Brentwood bombshell

At a meeting of Hollywood and progressive supporters in her West L.A. home, Arianna Huffington gets ready to run for governor. Her goal: Take Sacramento and shake Washington.

Jul 29, 2003 | It's not official yet, but she's off and running. That was the message at Arianna Huffington's home in posh Brentwood, Calif., on Sunday afternoon, where several dozen political activists and advisors gathered to hear the author and Salon columnist make her case for jumping into the race to recall California Gov. Gray Davis. The only thing that would keep Huffington out of what is shaping up as an electoral free-for-all would be the sudden entry of a major Democratic rival to Davis -- and Sen. Dianne Feinstein, the only likely such 800-pound gorilla, is still rejecting entreaties to rescue the party from the rapidly melting Davis.

"If Feinstein runs, I won't," Huffington told the Sunday gathering. "This campaign is to win, not to be a spoiler and hand the state over to the Republicans."

This is the burning question for California progressives as they contemplate a Huffington run: Will it wind up as a horrible replay of November 2000, with the populist columnist cast in the Ralph Nader role, handing a crucial victory to the GOP? Bill Zimmerman, the veteran California campaign strategist who has agreed to manage Huffington's race, says no. Zimmerman points out that under the rules of the Oct. 7 recall election, voters can cast their ballot against the recall initiative and still vote for an alternative to Davis on the same ballot in case the recall wins. If Davis, whose approval rating languishes around 20 percent, continues to fade in the polls -- and a new internal poll by the California teachers union reportedly shows him sinking fast, with a recall winning by a 57-43 margin -- it would be "irresponsible not to have a progressive alternative on the ballot," Huffington said on Sunday.

With her high media profile and access to money, Huffington's backers say she's the only progressive candidate who could mount a challenge to big-spending Republicans. If Arnold Schwarzenegger decides to take a starring role in the race -- and on Monday he denied reports that he was out, although his camp apparently told one national newspaper he was "leaning strongly against" running -- he would likely crush any lightweight rivals in his path. Huffington, who would run as an independent, might be the only candidate who could stand between him and the governor's mansion, her supporters argue.

Standing in her living room, next to a piano with framed photos of her two daughters and celebrity friends like Bill Maher, who has made her a regular on his TV shows, Huffington hit all the progressive chords at the Sunday meeting. She vowed to "nationalize" the campaign, turning it into a referendum not just on Davis' governorship but on the Bush presidency and the corporate looting of the state and nation.

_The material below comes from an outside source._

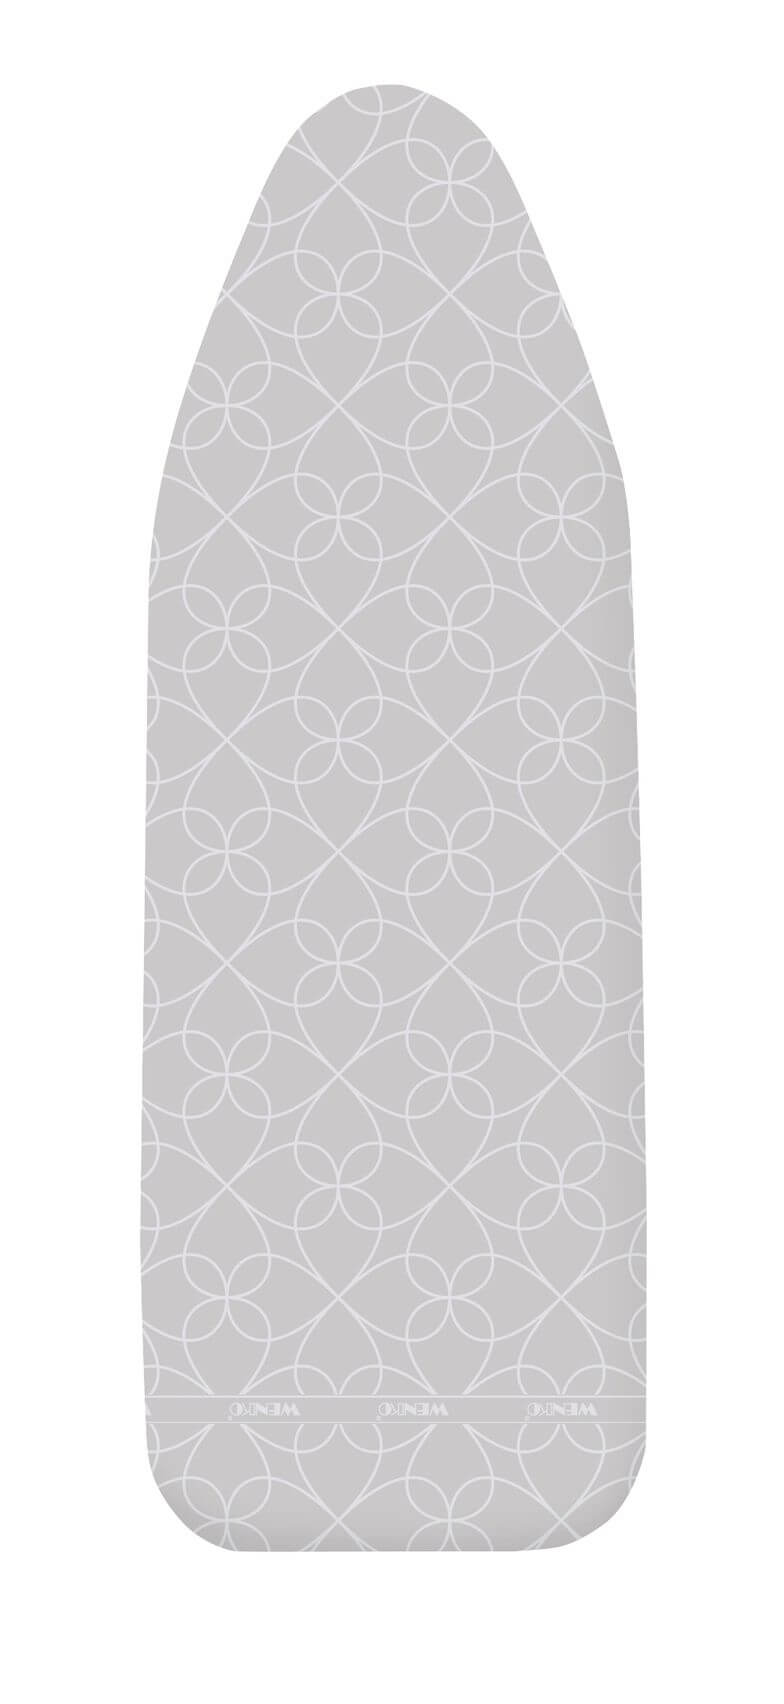 Alu Heat Reflective Ironing Board Cover Medium-Large - LAUNDRY - Ironing Board Covers - Soko and Co
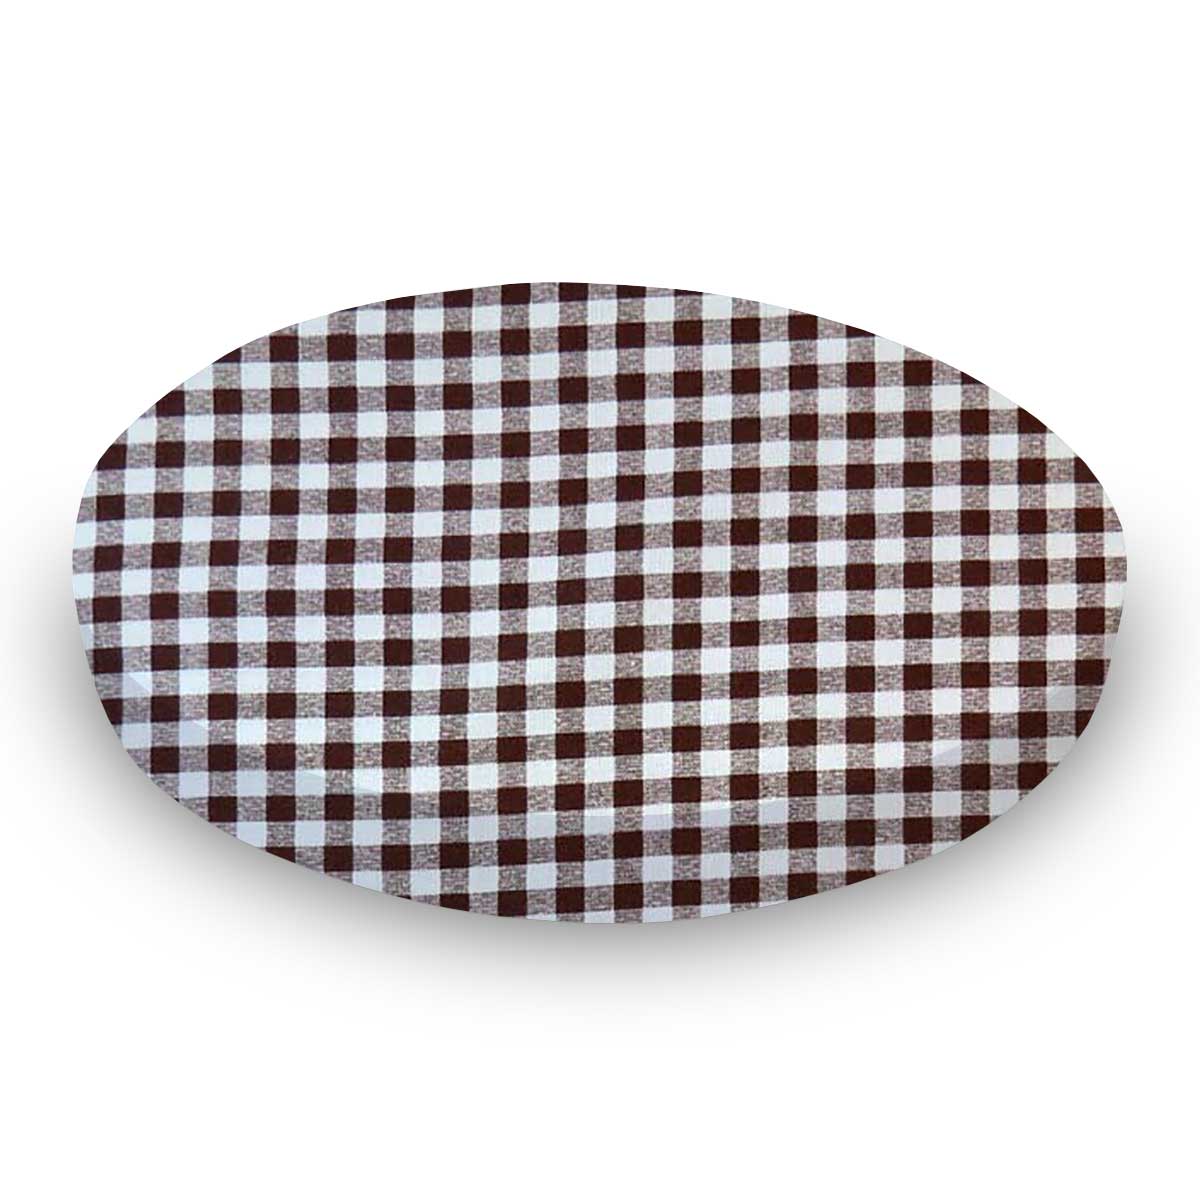 Oval Crib (Stokke Sleepi) - Brown Gingham Check - Fitted  Oval

"If, as [Republican challenger] Bill Simon says, Gray Davis is fiscally irresponsible, then George Bush is fiscally insane," she told the group. One of Davis' chief mistakes, Huffington argues, was his failure to explain to California voters why the Bush White House -- and its old friends at Enron and the energy industry -- are largely responsible for the state's budget woes. Huffington, whose recent bestseller "Pigs at the Trough" savages the reign of greed, corruption and environmental plunder under Bush, said she can't wait to take on the president's buddy Schwarzenegger. "It will be 'the hybrid vs. the Hummer,'" said the near-candidate, who launched a media campaign last year against gas-guzzling SUVs.

"I want to build a progressive coalition that transcends this campaign," Huffington said, "not just to make sure we beat Bush in California next year, but to provide a template for how other states can beat him too. We've all seen a lot of waves break on the beach and not amount to anything. But a campaign that energizes people creates the possibility of a tidal wave."